В марте[248], по возвращении в Воробьевку, я усердно задался мыслью завершить полный перевод Горация и представить его на общий суд.

Зная по опыту трудность, встречаемую при переводах классиков, я просил моего доброго московского знакомого поискать для меня на лето после экзаменов за известное вознаграждение хорошего студента-филолога, способного делать справки по мере надобности и моему указанию. На это мой приятель ответил, что такого студента он не знает, но что, когда он стал об этом говорить между своими товарищами учителями гимназии, один из них, преподаватель латинской словесности, немец Максим Германович Киндлер вызвался без всякого вознаграждения приехать ко мне по окончании экзаменов, чтобы работать вместе над Горацием.

«Боже, — подумал я, — какой пример для наших специалистов!»

Добродушный, трудолюбивый, одноцентренный Максим Германович оказался идеалом специалиста. При 2-х месячном ежедневном совместном труде поневоле пришлось близко ознакомиться с этим, у нас почти не существующим типом.

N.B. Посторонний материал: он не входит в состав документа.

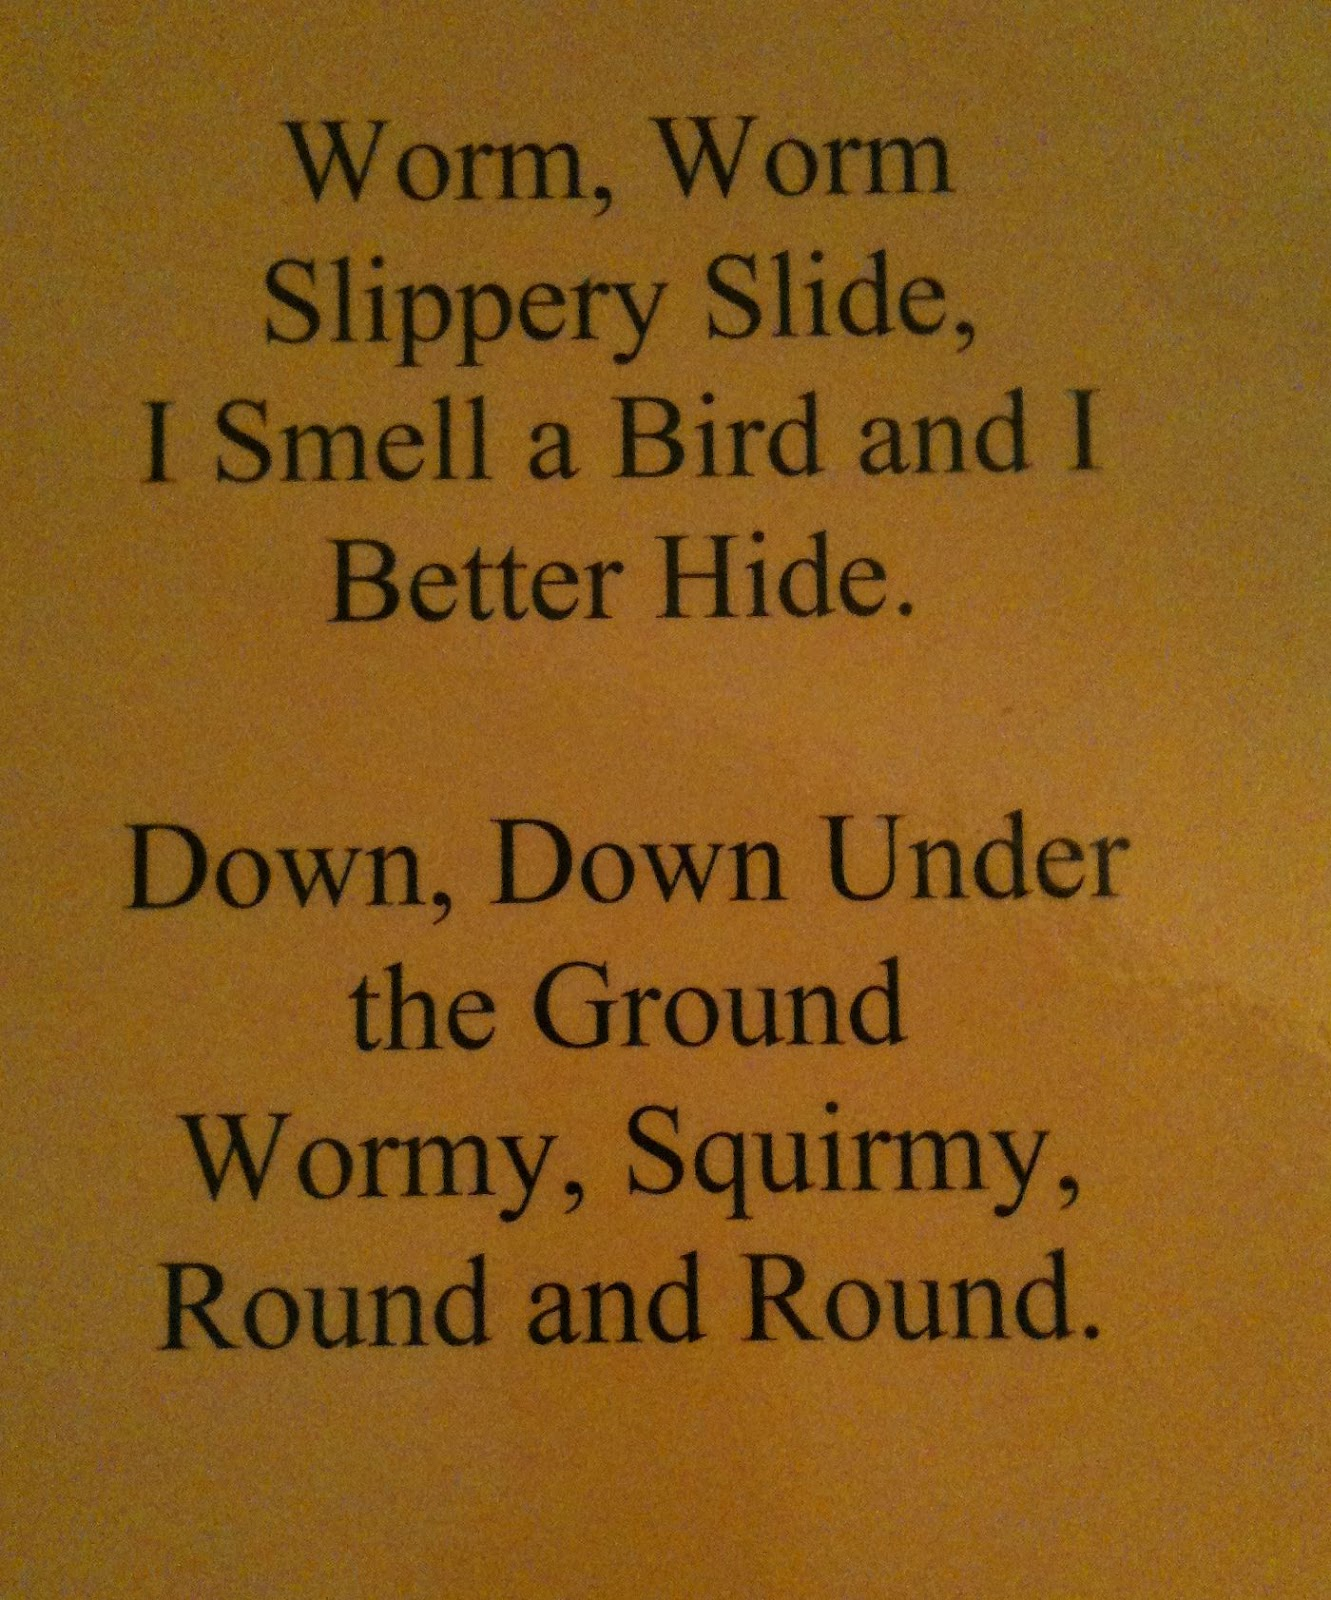 Worm Worksheets For Preschoolers

Не встречая в мире ничего, видимо, выступающего из вековечных границ причинности, он считал всякую мысль о невещественном для себя неподсудной и бесплодной, и потому прямо говорил: «Я этого совершенно не знаю и навсегда оставил об этом думать». Будучи своею специальностью указан на мастерскую форму древних писателей, у которых она, как у черепокожных, выставляет свой костяк наружу как основную и существеннейшую свою часть, — Киндлер тонко понимал виртуозный выбор древними отдельных выражений. Но о том, чего не встречается в древних поэтах, он тоже не имел никакого понятия. Того тайного смятения, того неопределенного подъема и стремления к неведомому, которым полны корифеи христианского мира, начиная с Шекспира и Байрона и самого Гете и кончая Гейне и Лермонтовым, — у древних не существовало, и надо быть на этот счет весьма чувствительным, чтобы почувствовать зародыш этого веяния (романтизма) у Проперция. Нельзя не заметить, что по отношению к нашему русскому умственному вертограду так и хочется применить замечание, что самый сладкий плод с червоточиной. Оглянитесь на знакомых русских служителей Аполлона, и вы убедитесь в справедливости моего замечания; но у Максима Германовича не было никакой червоточины; для него Прусское государство, т. е. Германская империя, была верхом совершенства: она вся состоит из превосходно обученных и вооруженных солдат и переплетена подземными телеграфными линиями, дающими при железных дорогах возможность задавить первого врага массой вооруженной защиты. Там люди изучают древних ради их образцового совершенства, а не ради чинов. Словом, с этих сторон Максим Германович был неуязвим, и я старался избегать с ним разговоров о несравненном величии Германской империи.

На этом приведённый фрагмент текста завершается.